Sen. Marco Rubio (R-Fla.), a potential presidential candidate in 2016, is trying to stimulate a serious discussion about the cost of government regulation and its impact on our economy.
Rubio proposed last week a new way to examine the impact of regulations when he outlined new policy initiatives in an address sponsored by the Jack Kemp Foundation.
Rubio urged the establishment of a National Regulatory Budget that would track and limit the number and cost of federal regulations. He also proposed the creation of an independent agency that would determine the cost of existing regulations.
Under Rubio's proposal, once the cost of a regulation is established, Congress would then "cap" the number and cost of its impact, which he argued has stymied an economic recovery.
The idea is to begin to eliminate wasteful and outdated rules in order to make goods and services cheaper and easier to deliver.
Sounds simple enough, and right, too.
In 2010, the U.S. Small Business Administration estimated that the total annual cost of federal regulation was $1.75 trillion.
But reforming regulatory control must take into account both individual and societal benefits derived from a regulation and weigh that against its cost.
Indeed, Danny Vinik in the New Republic argued that regulations can't be looked at strictly in economic terms"
The ultimate problem with Rubio's plan is that it actually has nothing to do with cost-benefit analysis. On the contrary, it sets a cap based solely on the economic costs of regulations, regardless of their benefits.
Since the advent of the New Deal, federal regulation has grown to such an absurd point that almost every act or movement we make -- from the light bulb we use to the TV programs we watch -- is regulated in some way by the federal government.
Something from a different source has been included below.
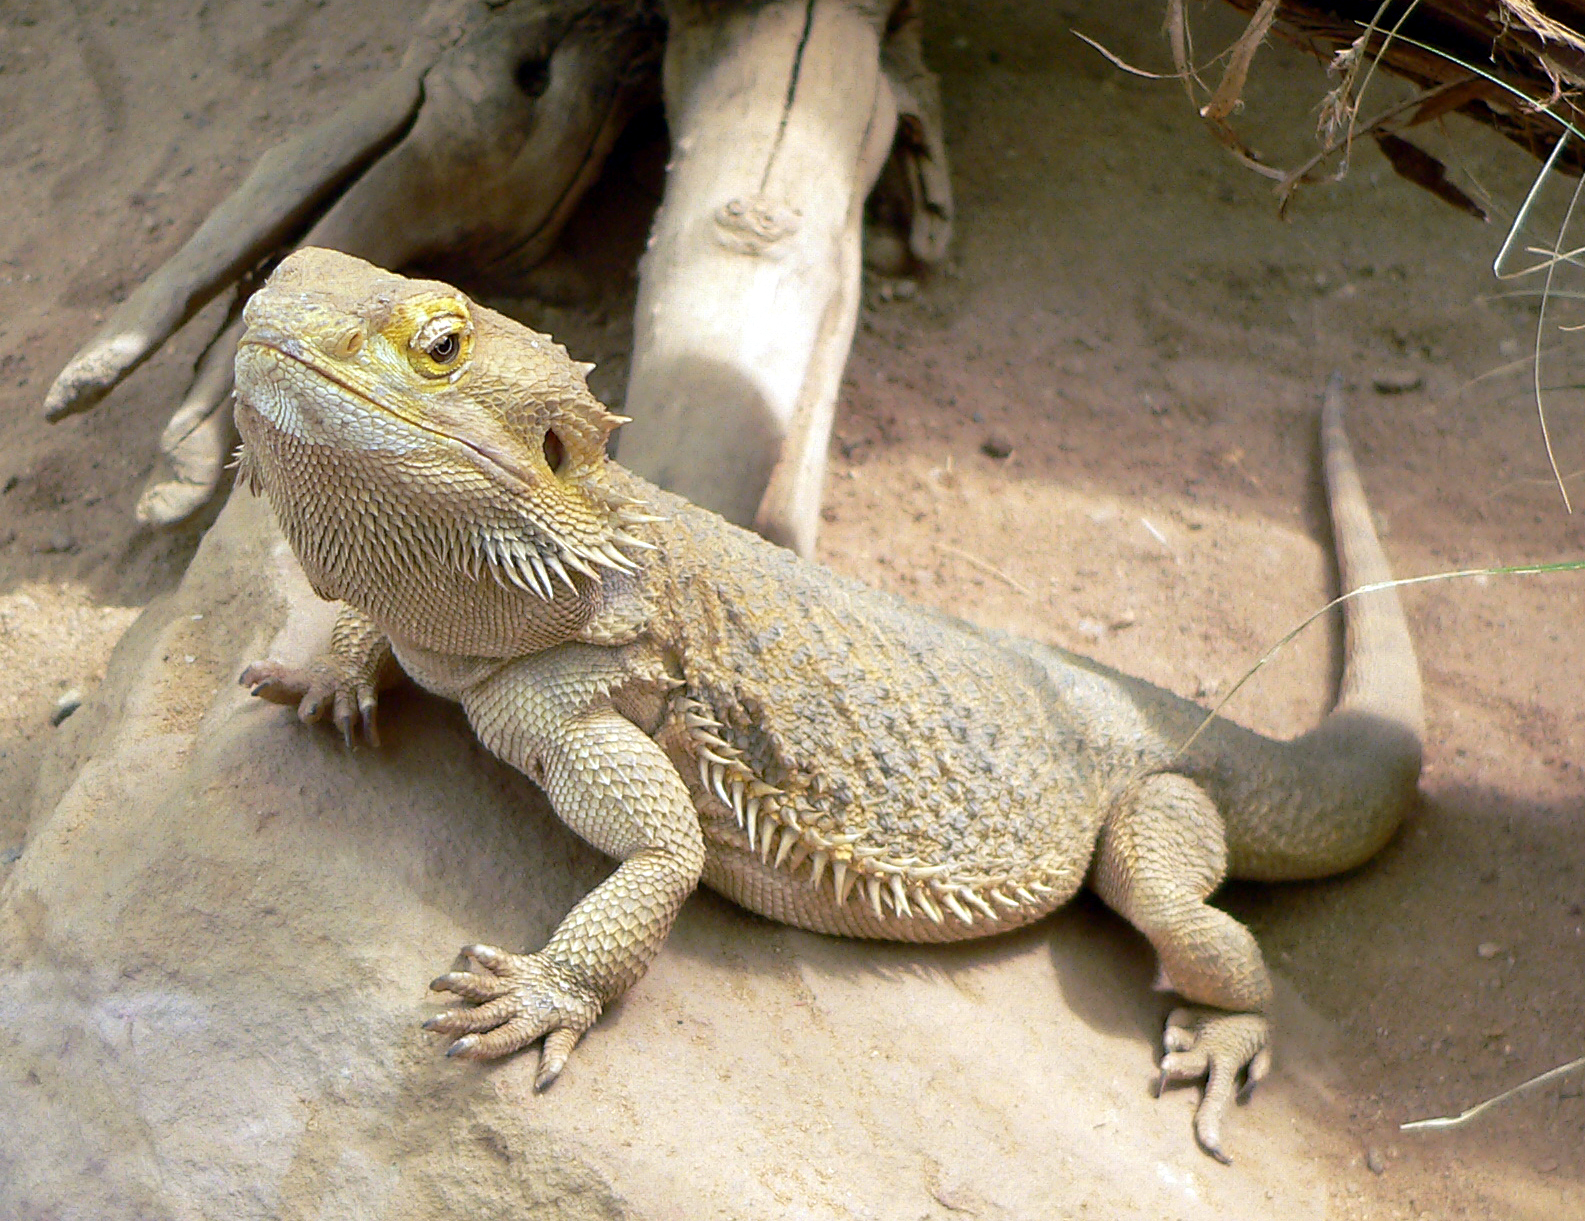 81+ Nama Dan Gambar Hewan Reptil Gratis Terbaik
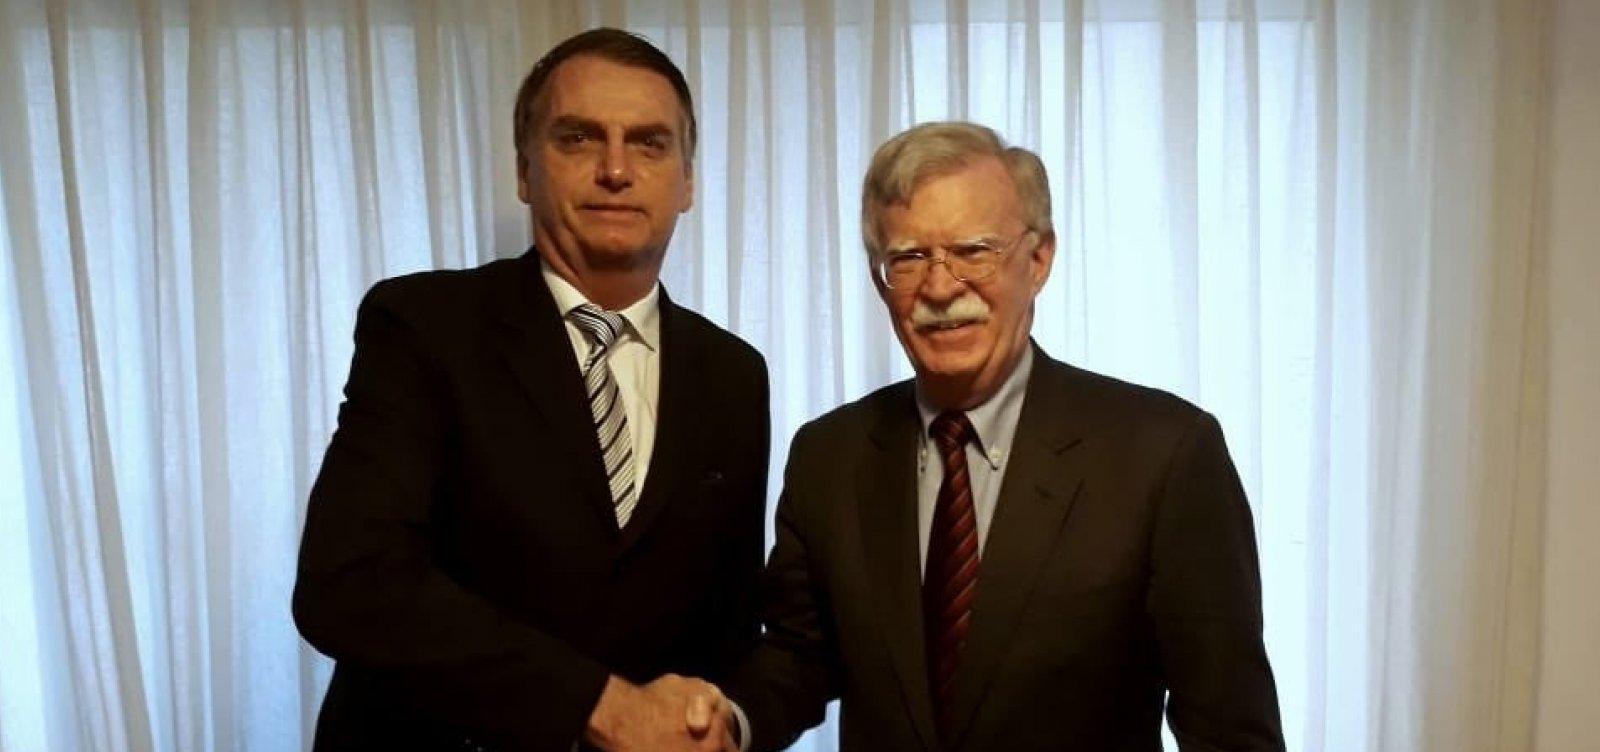 [Assessor de Trump visita Bolsonaro e convida presidente eleito a visita nos EUA]

The result: a decades-old battle pitting conservatives, libertarians, and "free-market" advocates who disdain regulation against liberals who try to use regulations to protect the rights and safety of citizens and to safeguard the environment.
President Obama's re-election carried with it a mandate to expand inefficient and wasteful government reach into American lives.
The Heritage Foundation, a conservative think tank, has estimated that since January 2009, when Obama took office, 106 new "major" regulations have been enacted, at a total estimated cost of $46 billion, plus almost $11 billion more in implementation costs.
In 2011, the Center for Automotive Research released a study that measured the impact of anticipated fuel economy and safety mandates on the U.S. automotive market and industry in 2025. They found that it will cost a car owner from $3,700 to $9,000 more than the buyer will save in lower fuel costs.
Under Rubio's proposed formula, such regulations would be eliminated. But his formula doesn't assess the economic benefits of energy independence, cleaner air, new research and development jobs. The new standards could well create spin-off products and engineering methods that would enhance the lives of every American.
To reform federal regulation, politicians need to do more than improve the rules. More importantly, both liberals and conservatives need to abandon the dogma and being to compromise and govern pragmatically.
Rubio is right in arguing that excessive regulation needs to be addressed. But his proposal lacks common sense and should serve only as a starting point in the effort to better regulate our regulations.